ЭПИЛОГ

Три, два, раз… А ну ещё! Три, четыре — Горячо! Ах ты, камбала, Не вобла, Смотри в оба! Смотри в оба! И когда сказал «четыре», Получил синяк под глаз… Три, четыре… Три, два, раз!

Из песни-шанти[179] формандских небоходов

Да, именно так и заканчивается история об Алой Шельме.

Возможно, мне стоило оставить ее именно в таком виде, не снабжая дальнейшим послесловием. Видит Роза, это также нелепо, как попытка швырнуть бутылку шампанского вослед давно отчалившему кораблю. Эта история закончена давно, много лет назад, но старческое малодушие мешает мне поставить последнюю точку, словно я невольно пытаюсь оттянуть прощание с полюбившимися героями.

Да, история закончена. Мне нравится вспоминать ее — отдельные куски, отдельные слова, отдельные мысли — благо память еще не начала подводить меня и многие детали я все еще помню в мелочах. Кроме того, не раз мне самому пришлось выступать одним из ее действующих лиц и это иной раз тешит самолюбие. Забавно, что мне, существу, не состоящему даже в родственной связи с человеческим видом, свойственные некоторые типично человеческие грехи…

Отчасти поэтому я не стану скрывать свое имя, тем более, что в этой истории выступаю не столько автором, сколько летописцем. Кроме того, я почти уверен, что и мое имя не представляет для прозорливого читателя секрета, слишком уж очевидным образом мне иной раз приходилось раскрывать свое инкогнито, так что многие из вас, полагаю, давно обо всем догадались.

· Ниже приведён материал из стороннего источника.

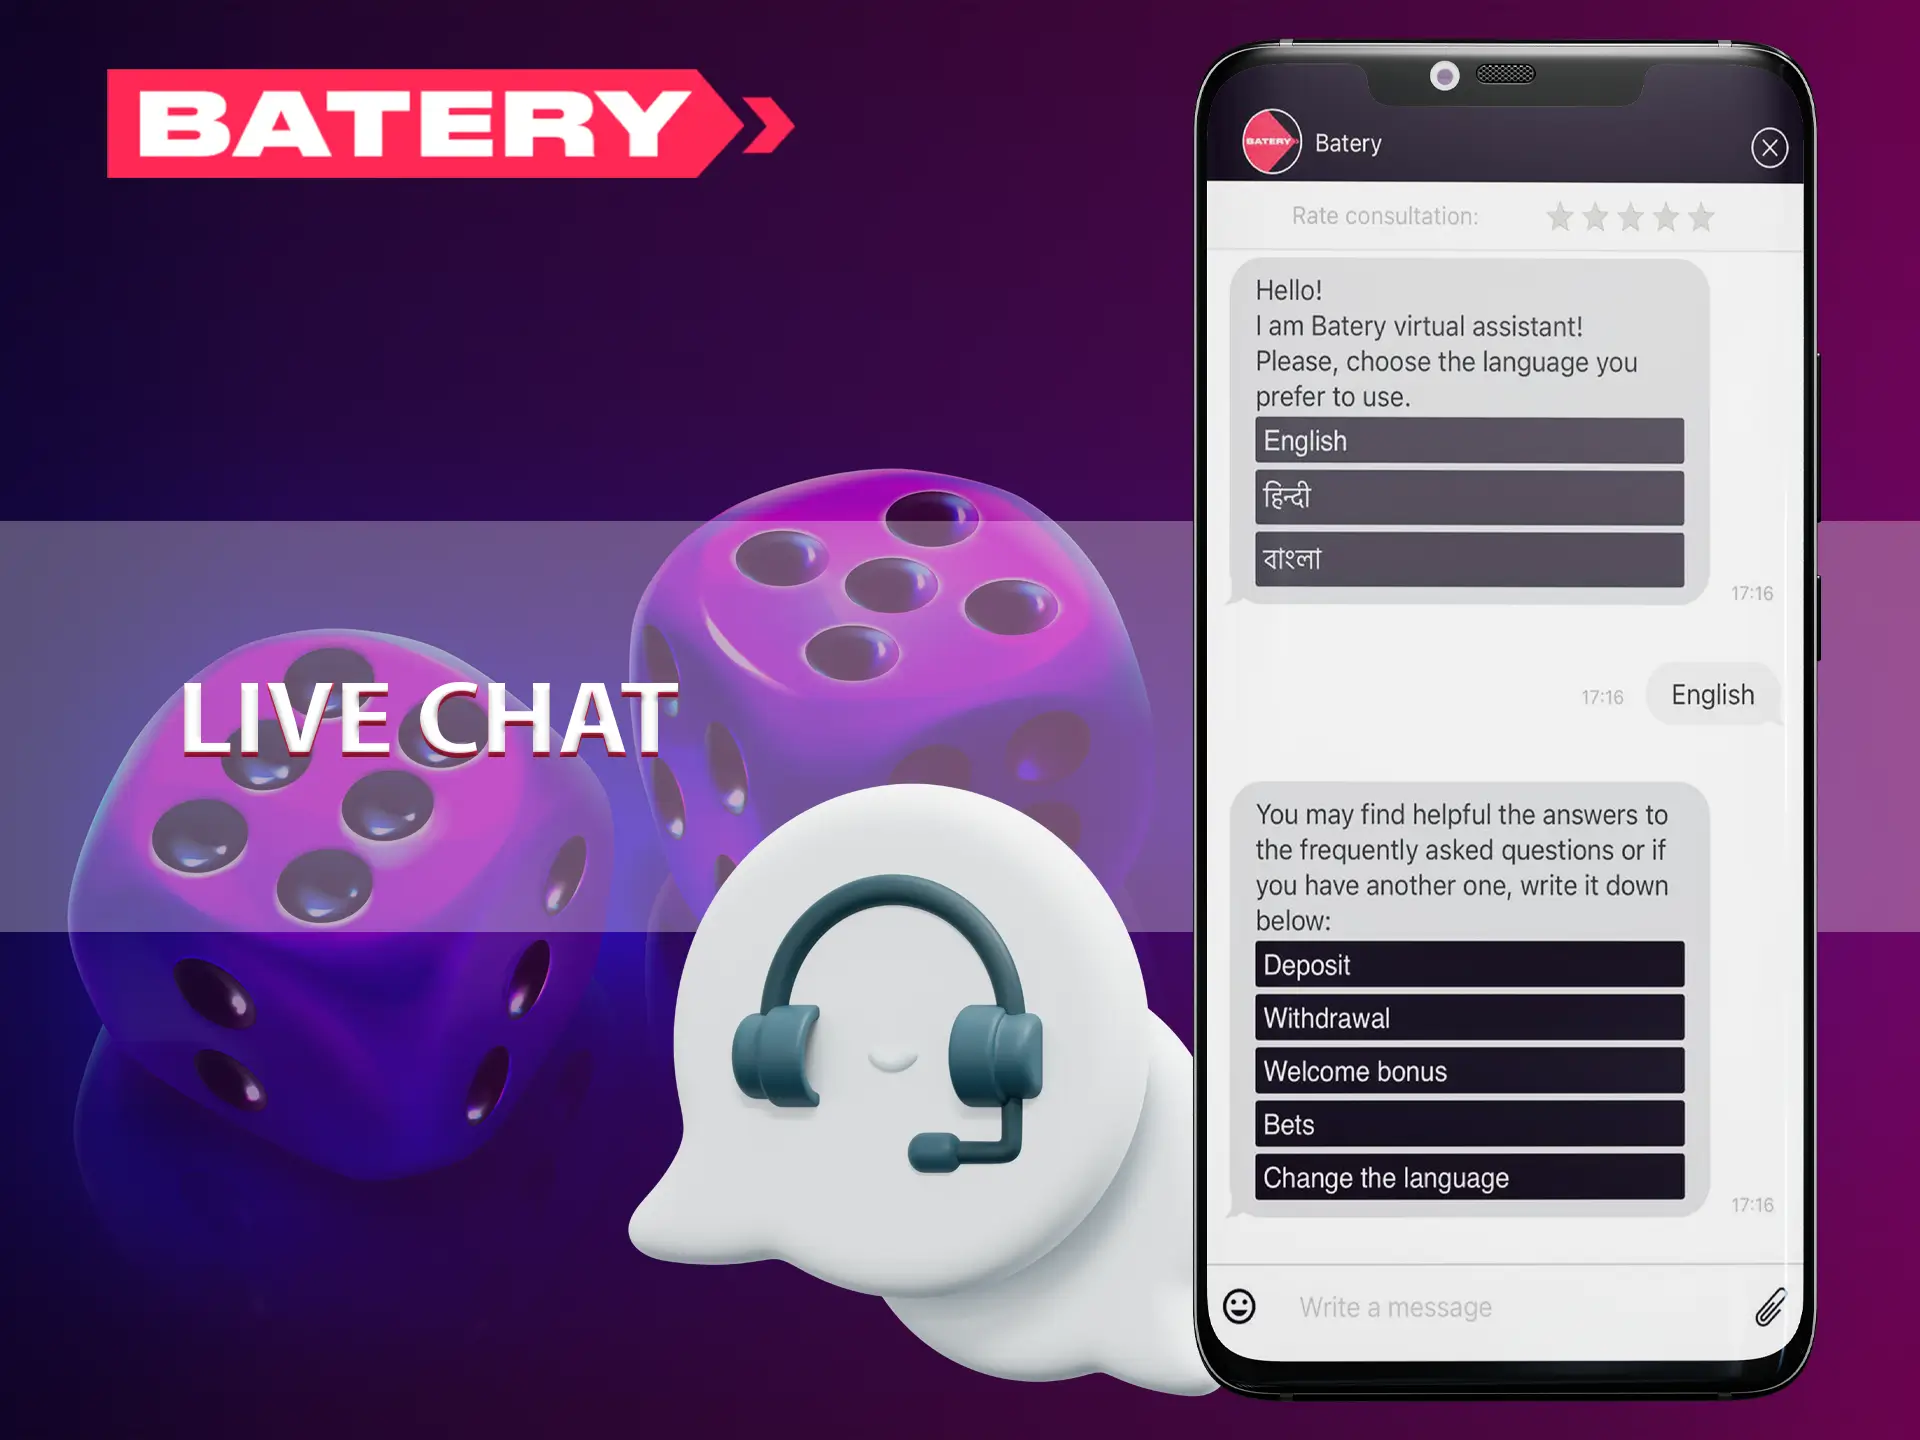 Use Batery support chat in case of difficulties.

Да, меня зовут «Малефакс» и я — бывший корабельный гомункул баркентины под названием «Вобла».

Сделав это признание, бессмысленно отпираться в других подозрениях. Да, я действительно умею читать мысли. Впрочем, в грубом и однообразном человеческом языке у этого выражения жутко искаженный смысл… Скажем так, я умею слушать мысли — ощущать ту вибрацию, которую ваши человеческие ощущения рождают в магическом эфире, соприкасаясь с ним на уровне резонанса. Невысказанные слова, чувства, иногда даже воспоминания и смутные образы — из всего этого я и плел свой рассказ, терпеливо и долго, как в старину небоходы плели парус из грубой нити.

Я сделаю все возможное, чтобы эта история нескоро стала достоянием гласности, но что-то мне подсказывает, что даже окажись она напечатана во всех газетах бывшей Унии, ей все равно не вызвать большого переполоха — у историй, как и у вина, есть свой срок годности. А вы и без меня прекрасно знаете о злосчастных событиях описываемой поры — в том виде, в котором они вошли в учебники истории.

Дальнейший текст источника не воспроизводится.